Uma questão de história
Todavia, embora seja um ponto de partida necessário, o carácter religioso da cultura americana só por si não é suficiente para compreender o papel da Igreja no debate público nos Estados Unidos. É também uma questão de história, de direito, do conceito tipicamente americano de Estado e, finalmente, do significado atribuído à razão.
Desde o início, a nossa história foi repetidamente marcada pela forte presença da experiência religiosa em cada acontecimento público importante. Da fundação das colónias por parte de exilados religiosos ao papel central desenvolvido pelos cristãos na luta pela abolição da escravatura e no subsequente movimento pelos direitos civis, até aos debates actuais sobre o papel da América no mundo, a concepção religiosa da vida deu significado e forneceu razões à maneira como os americanos entendem a liberdade, a igualdade, a responsabilidade e o bem comum. Ajudou a responder às perguntas sobre que tipo de pessoas somos e sobre o que aspiramos a ser, perguntas que qualquer controvérsia pública importante apresenta, ao menos ao nível implícito.

Liberdade religiosa
A nossa lei defende e respeita o papel central que a religião representou na vida pública. Temos uma concepção de grande amplitude da liberdade religiosa, que reconhece que um elemento importante da liberdade das comunidades religiosas consiste na possibilidade de falar e agir publicamente. Ao mesmo tempo, na América o conceito de “liberdade de expressão” é substancialmente mais amplo que na Europa. A nossa tolerância para com a presença de opiniões baseadas em convicções religiosas em relação a questões sociais controversas, nasce, em grande parte, da ideia que deve ser dado espaço de presença pública a qualquer opinião, por muito impopular ou desagradável que possa ser para alguns. Isto é particularmente importante, dada a grande diversidade de identidades e de práticas religiosas presentes entre os americanos. Não cabe ao Estado determinar o que é aceitável como discurso público, por isto a lei defende a liberdade de todos de exprimir as próprias opiniões.
Aqui existe uma estreita ligação entre a opinião dos americanos sobre o papel da religião nos assuntos públicos e as suas opiniões no que respeita ao Estado. Enquanto que a herança das teorias constitucionais do século dezanove na Europa continental põe em evidência o monopólio do Estado como encarnação do interesse público, os Estados Unidos pertencem a uma tradição constitucional muito mais propensa a ver o Estado como um actor limitado no tecido social. Deste lado do Atlântico uma Concordata parece ser uma resposta à necessidade de instituir uma série de defesas a favor da Igreja contra a pretensão do Estado em deter poder e autoridade exclusivos e definitivos. Todavia, num contexto como o nosso, onde a liberdade da Igreja é amplamente garantida pelos limites estruturais do Estado, uma Concordata parece supérflua. Um exemplo: não há nenhuma necessidade de um acordo especial que garanta à Igreja o direito de instituir o seu sistema educativo, visto que o Estado não detém o monopólio da educação e não pode proibir a criação e a actividade de escolas religiosas.

Troca aberta de ideias
A nossa concepção de liberdade de religião ou de expressão favorece de um modo decisivo uma troca de ideias aberta e sem limites, enquanto que o papel dos grupos religiosos no debate público é submetido a regras e limitações, como (talvez duma forma surpreendente para os europeus) é amplamente demonstrado pelo direito fiscal americano.
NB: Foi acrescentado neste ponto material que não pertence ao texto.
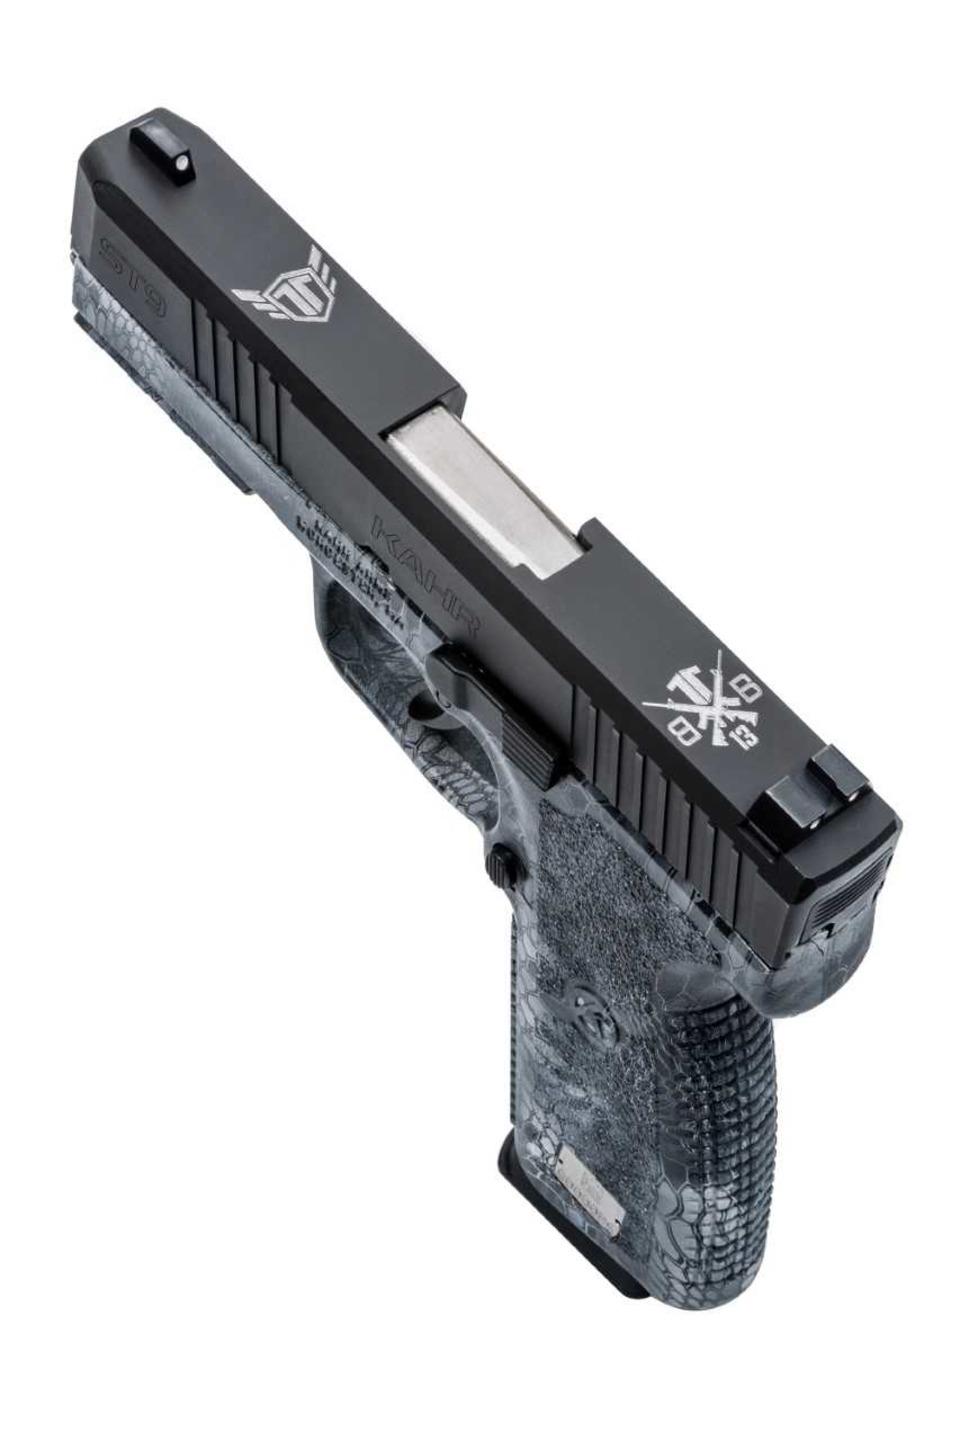 Kahr Arms Special Edition TIG Series Kahr ST9 Pistol
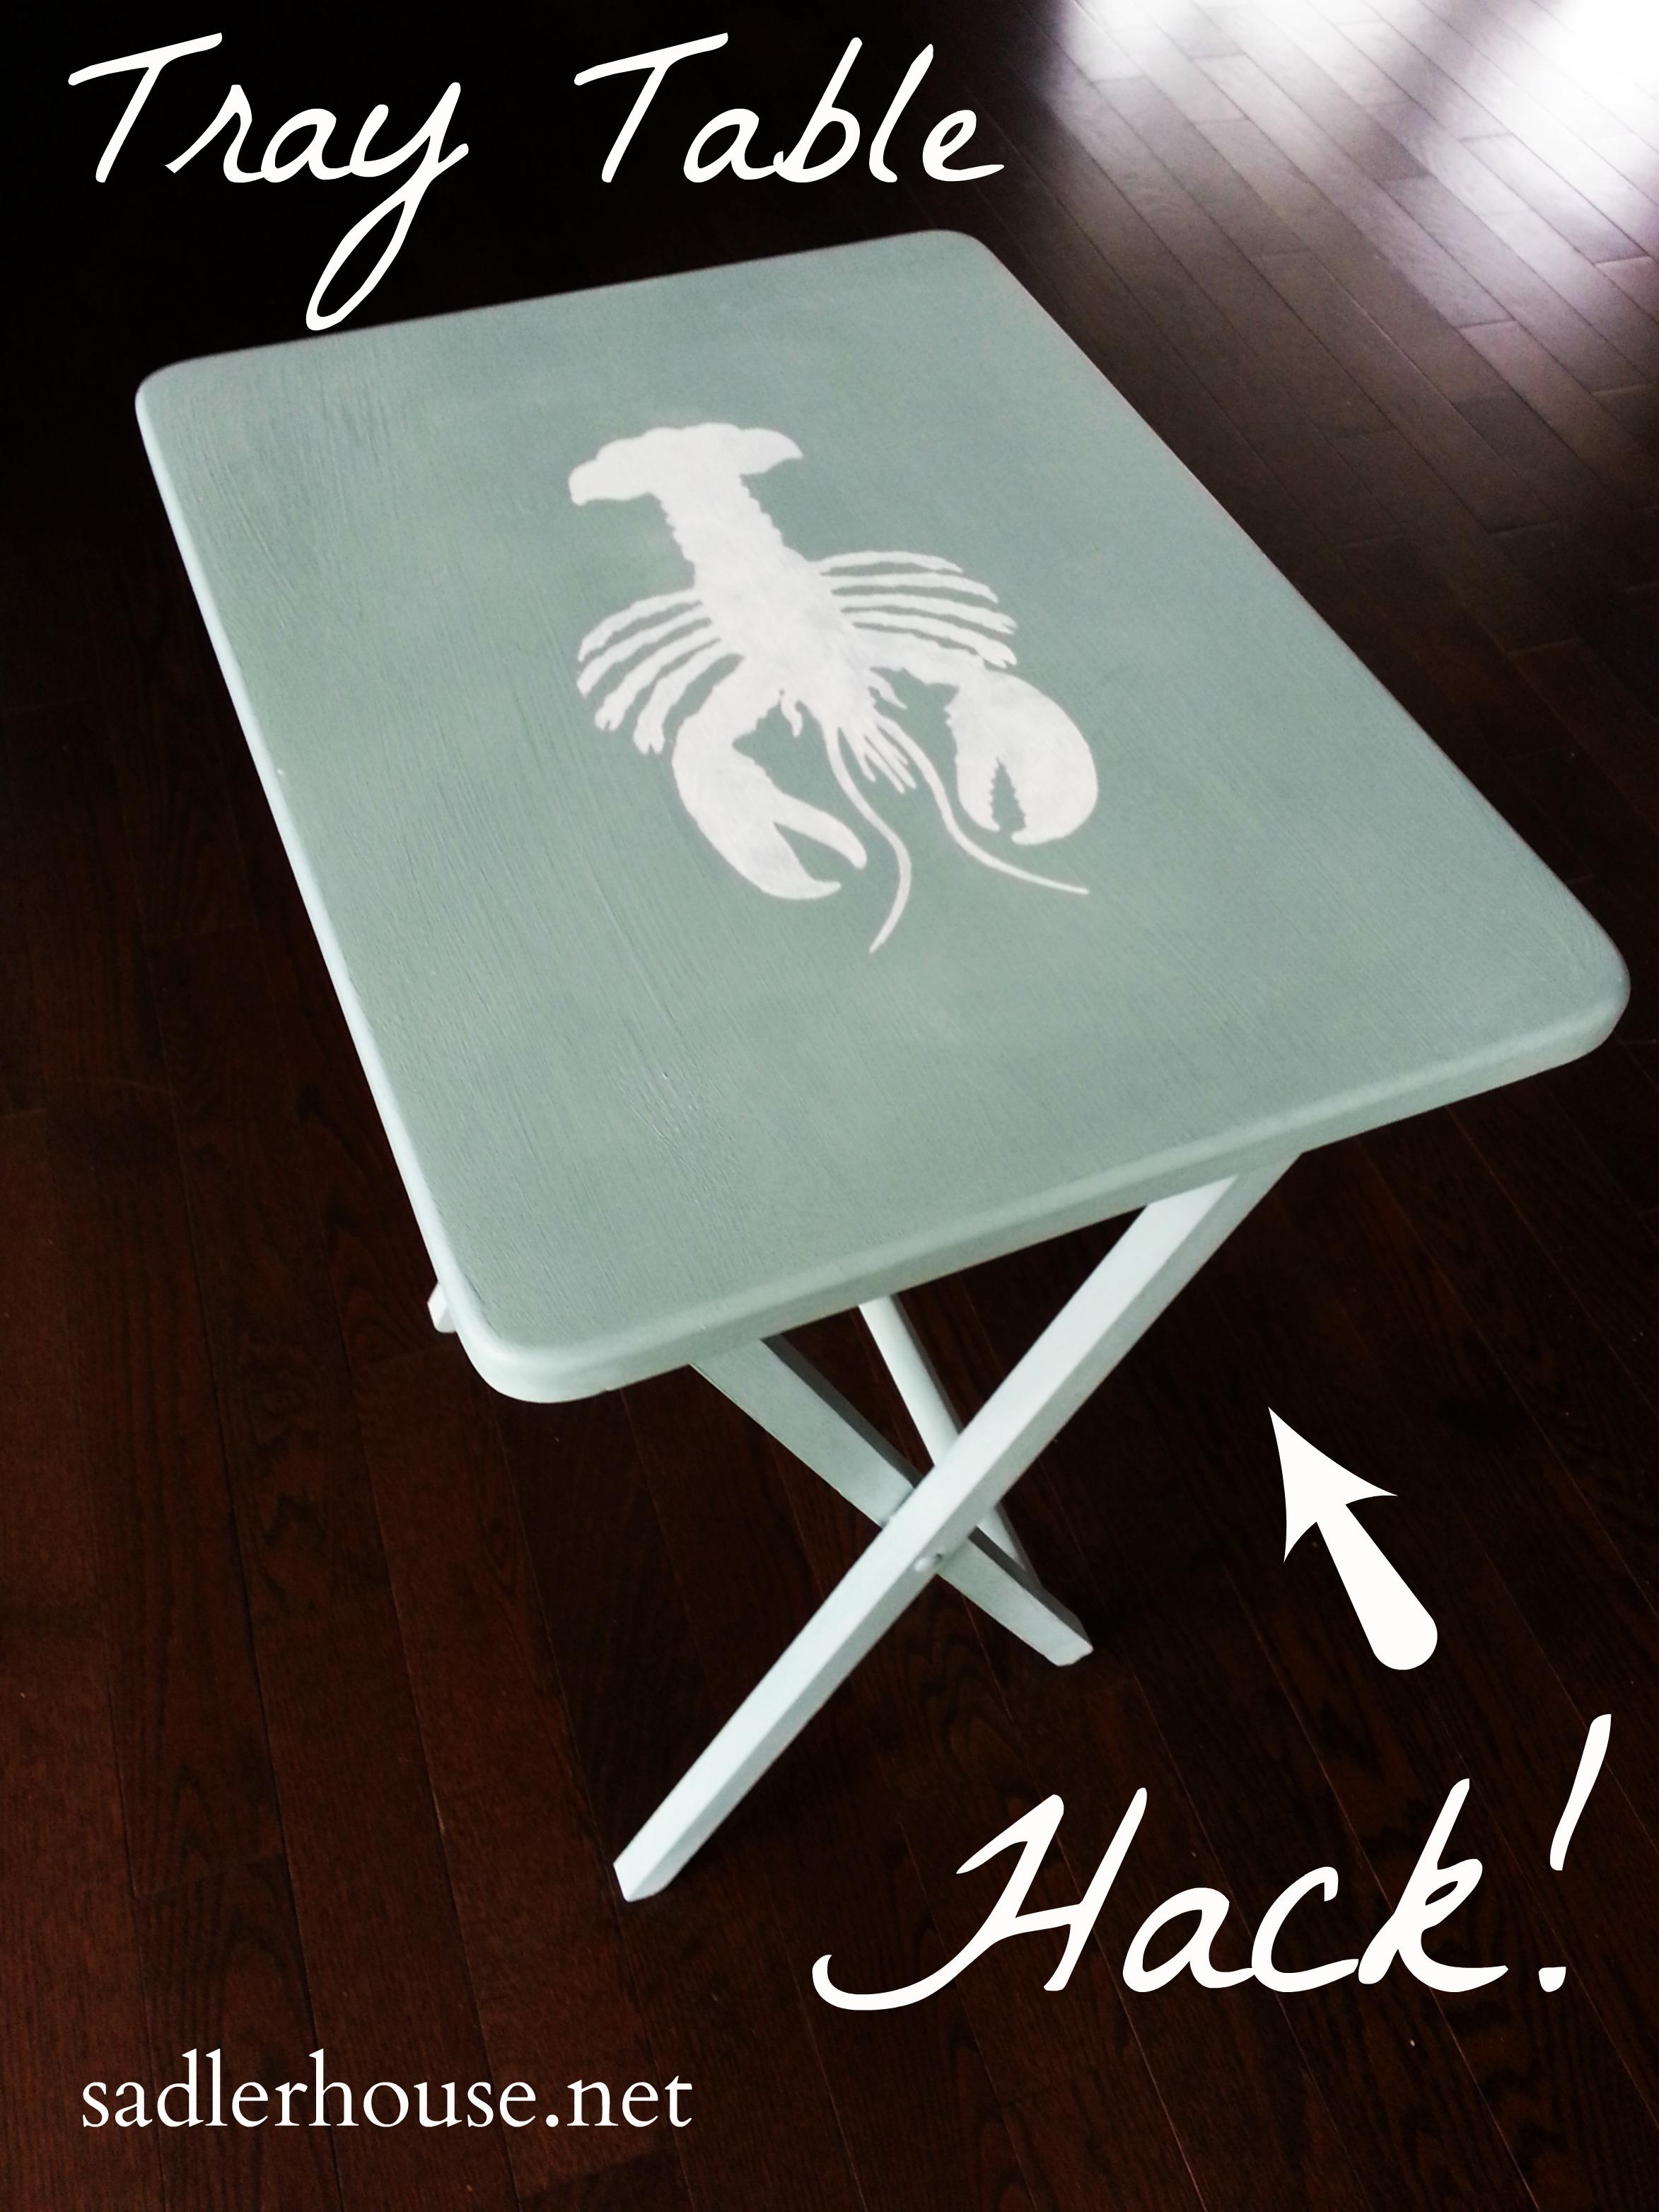 tray table hack

Entidades sem fins lucrativos, incluindo as organizações religiosas, estão isentas de taxa desde que não se identifiquem politicamente com partidos.
Consequentemente, as igrejas e as outras organizações religiosas estão sempre atentas a não tomar posições que possam favorecer a escolha de um partido em relação a outro ou de um indivíduo em relação a outro, concentrando-se em vez disso sobre os princípios e sobre as questões reais em jogo nos debates de interesse social. Esta tornou-se, portanto, a linha de demarcação entre as intervenções geralmente aceites por parte dos grupos religiosos e aqueles que são considerados ilícitos.
Implícita nesta distinção entre inaceitáveis tomadas de posição politicamente marcadas e intervenções públicas aceitáveis está a convicção de que os juízos sobre questões de interesse público baseados em convicções religiosas podem ser razoáveis. Ou que sejam capazes de dar motivações aos outros, motivações que possam fazer apelo à concepção comum do que é bom para toda a sociedade e de convencer os outros acerca da verdade de tais afirmações. Na América, como na Europa, se bem que talvez a uma escala menor, os que negam que uma perspectiva baseada em convicções religiosas possa falar duma forma adequada de questões de interesse público, têm uma opinião assaz redutora da capacidade da razão humana. Isto é, em definitivo, a grande questão que está em jogo nas discussões sobre a participação da Igreja no debate público democrático. Permitir e defender tal papel é uma afirmação da mais ampla e alta concepção da capacidade da razão de compreender, propor e apoiar a verdade.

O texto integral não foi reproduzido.